→ **ABOUT THIS TASK**: Nothing may be left out of the listing below but its images; repeat the rest exactly.

→ **INPUT DATA**:
────────

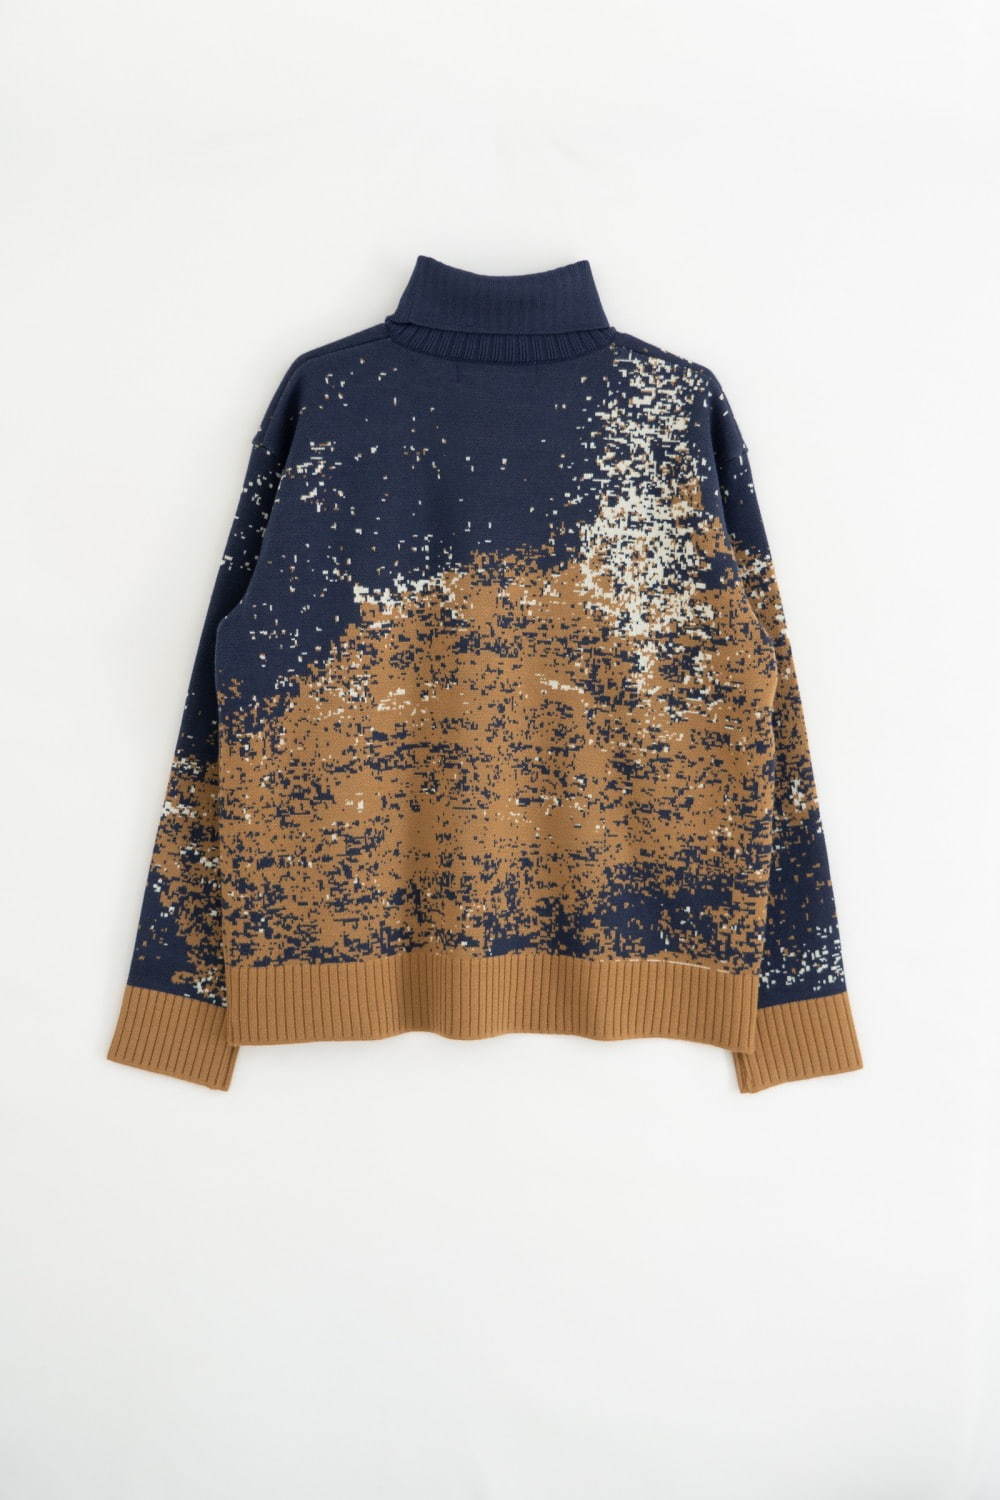 身幅約56cmMURRAL ray of light knit sweater (navy) - トップス
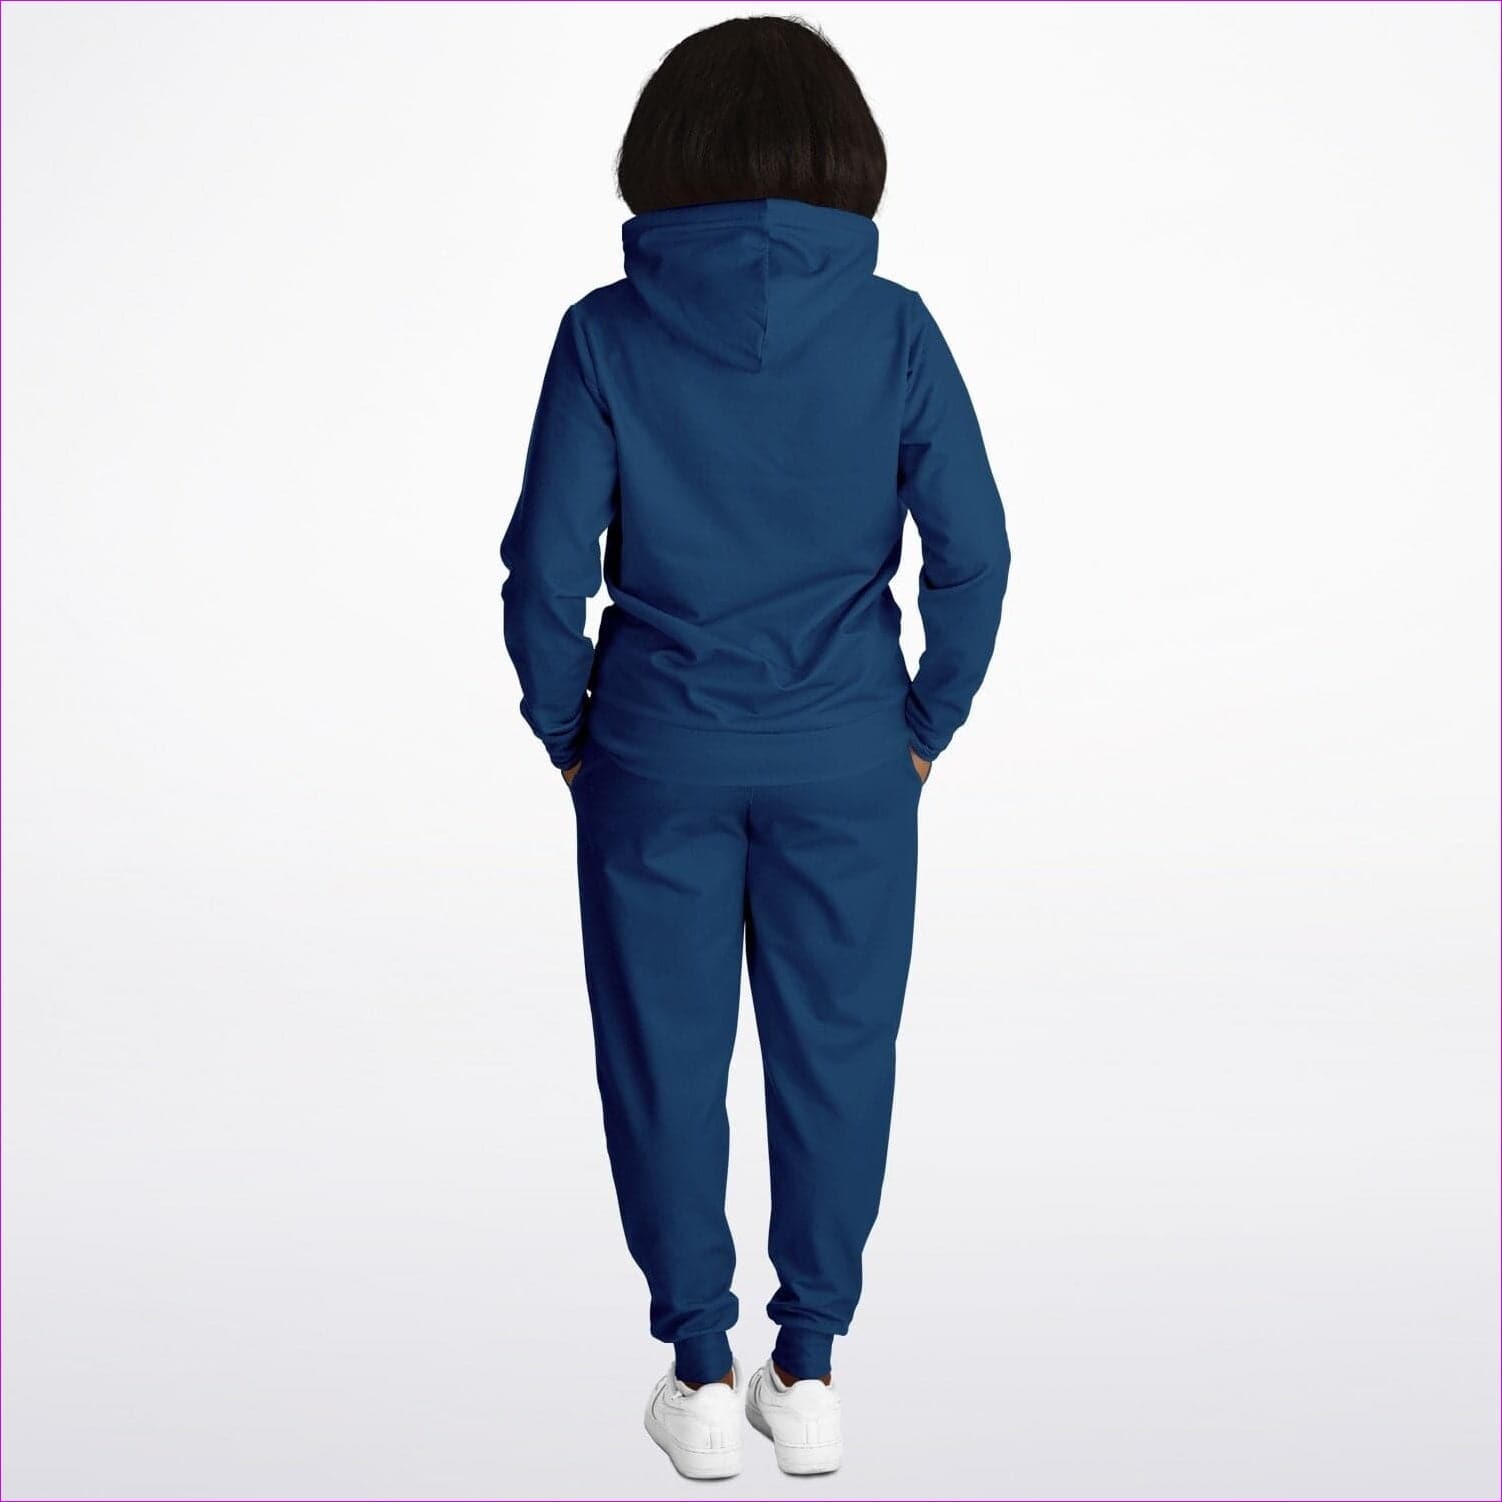 - Deity Premium Blue Athletic Jogging Suit - Athletic Hoodie & Jogger - AOP at TFC&H Co.
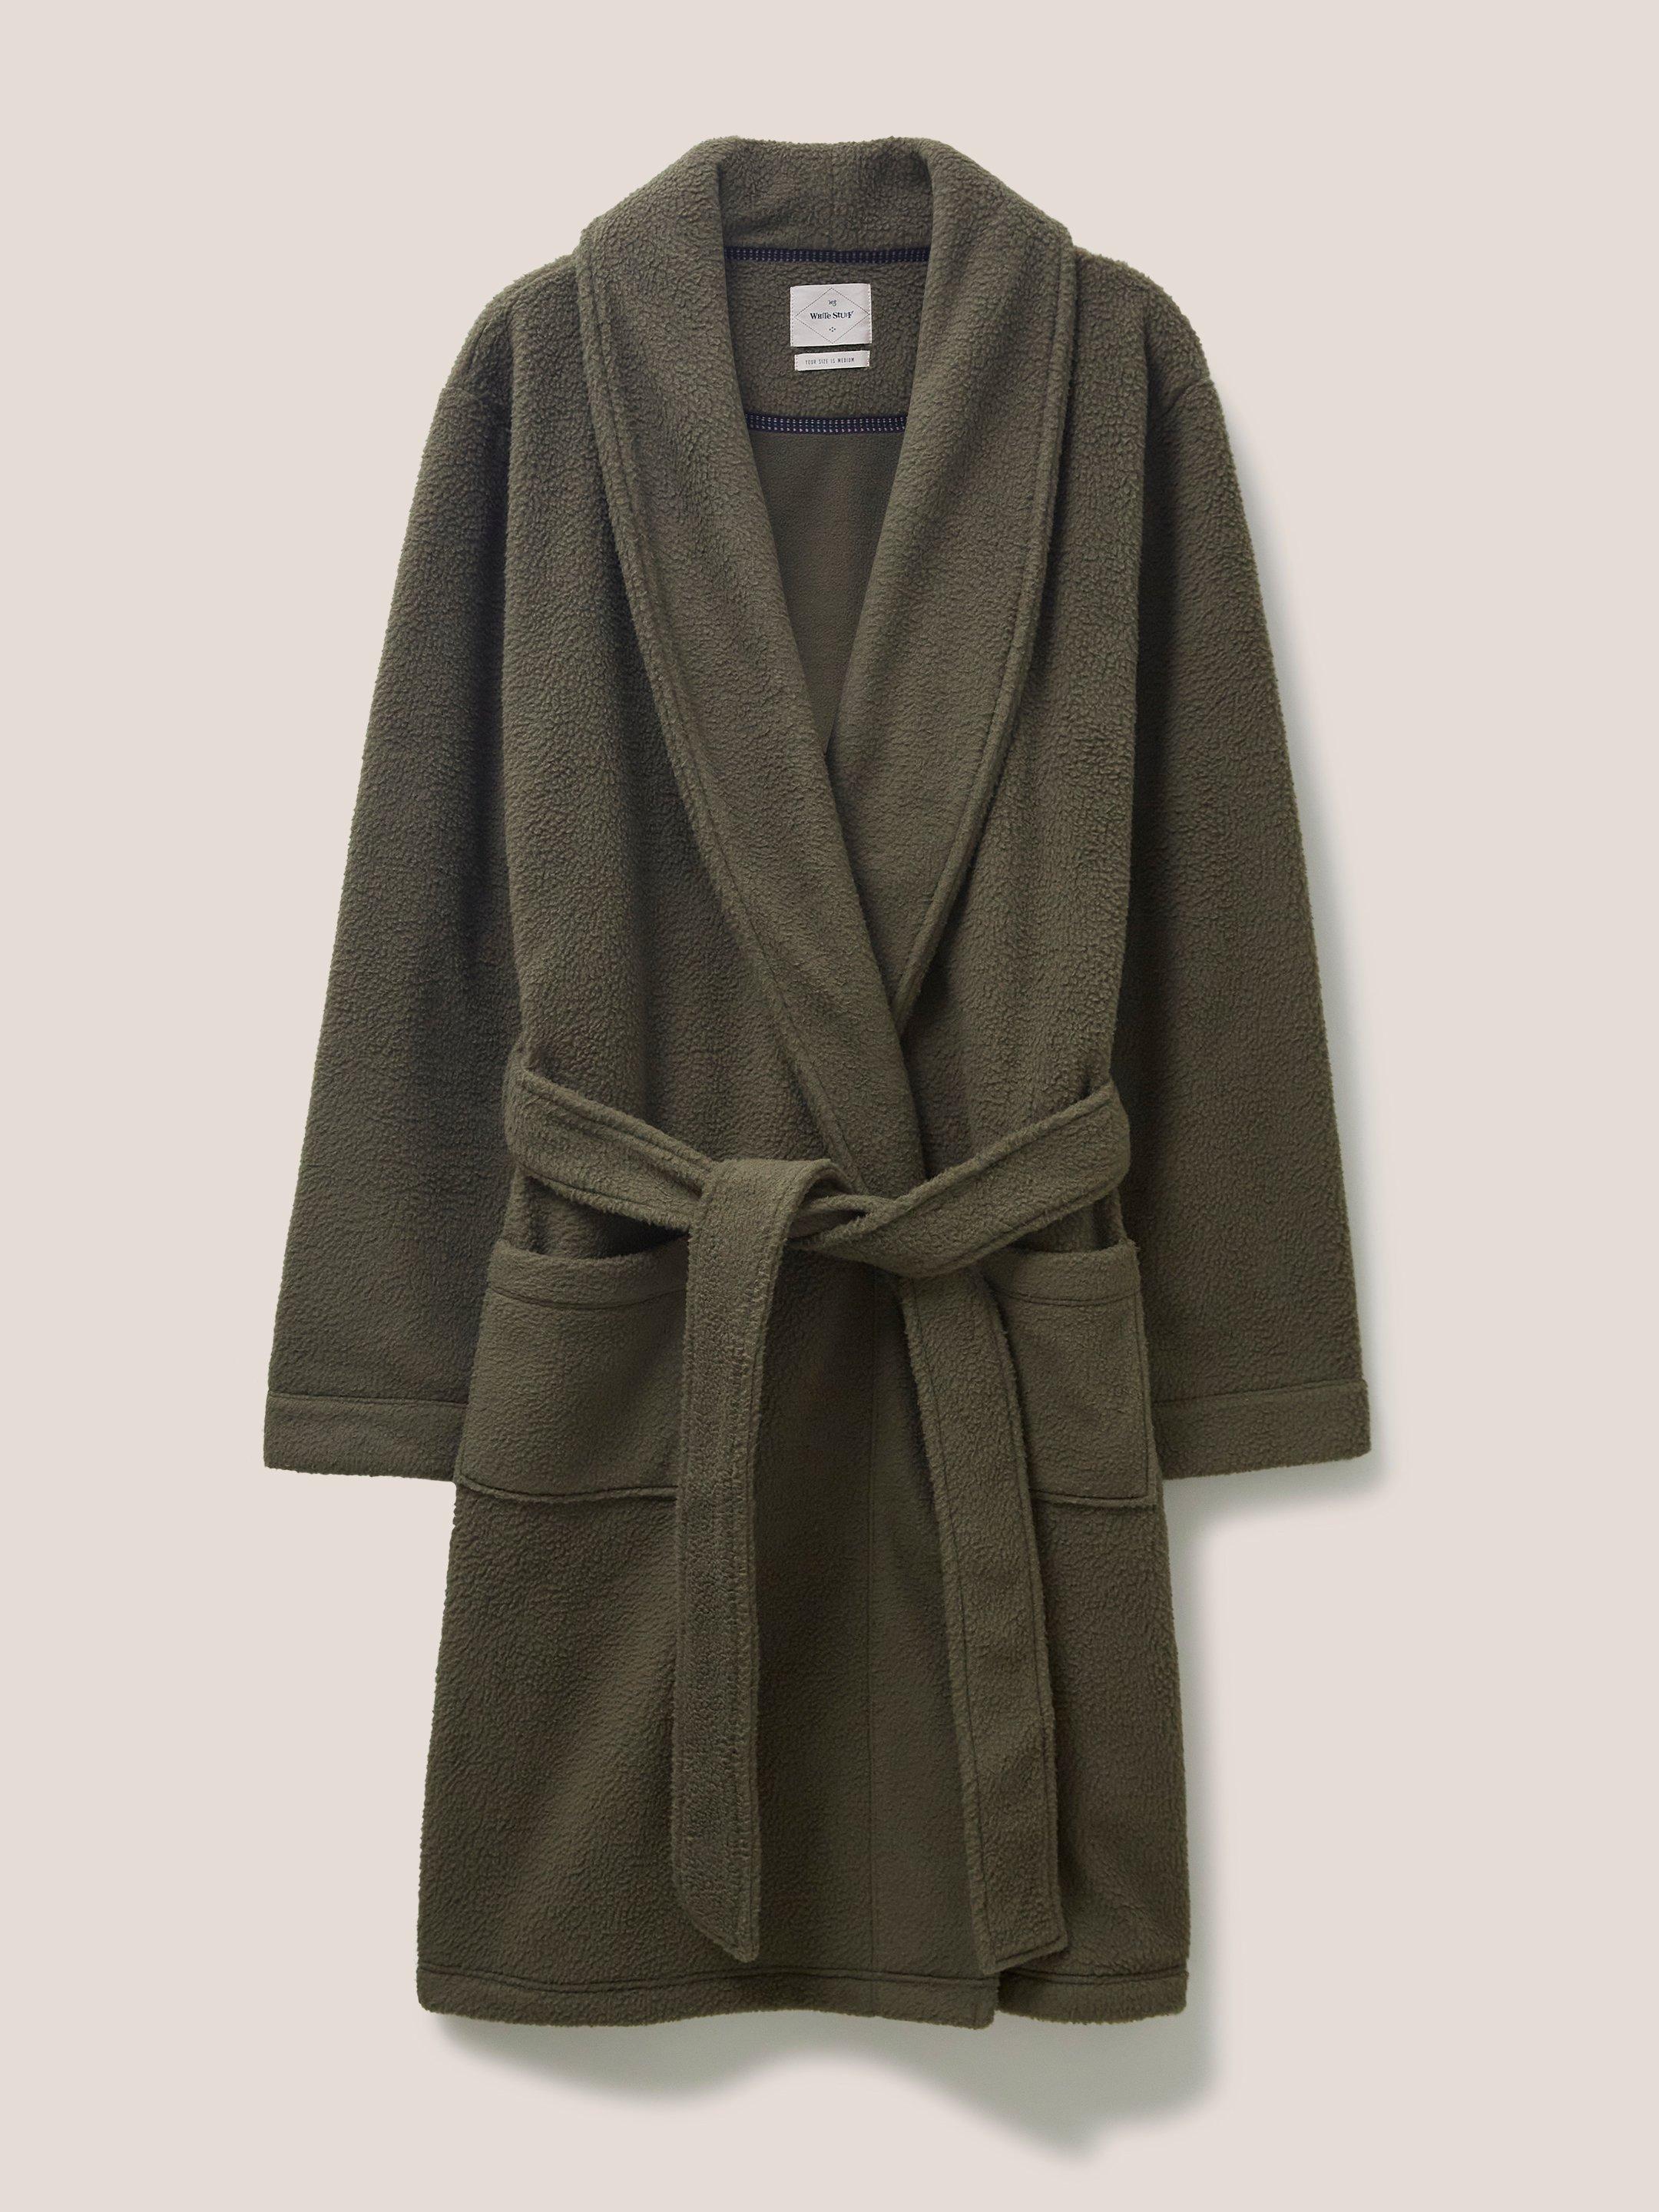 Kingham Robe in DK GREEN - FLAT FRONT

────────

→ **FINAL ANSWER**:
 身幅約56cmMURRAL ray of light knit sweater (navy) - トップス
 - Deity Premium Blue Athletic Jogging Suit - Athletic Hoodie & Jogger - AOP at TFC&H Co.
 Kingham Robe in DK GREEN - FLAT FRONT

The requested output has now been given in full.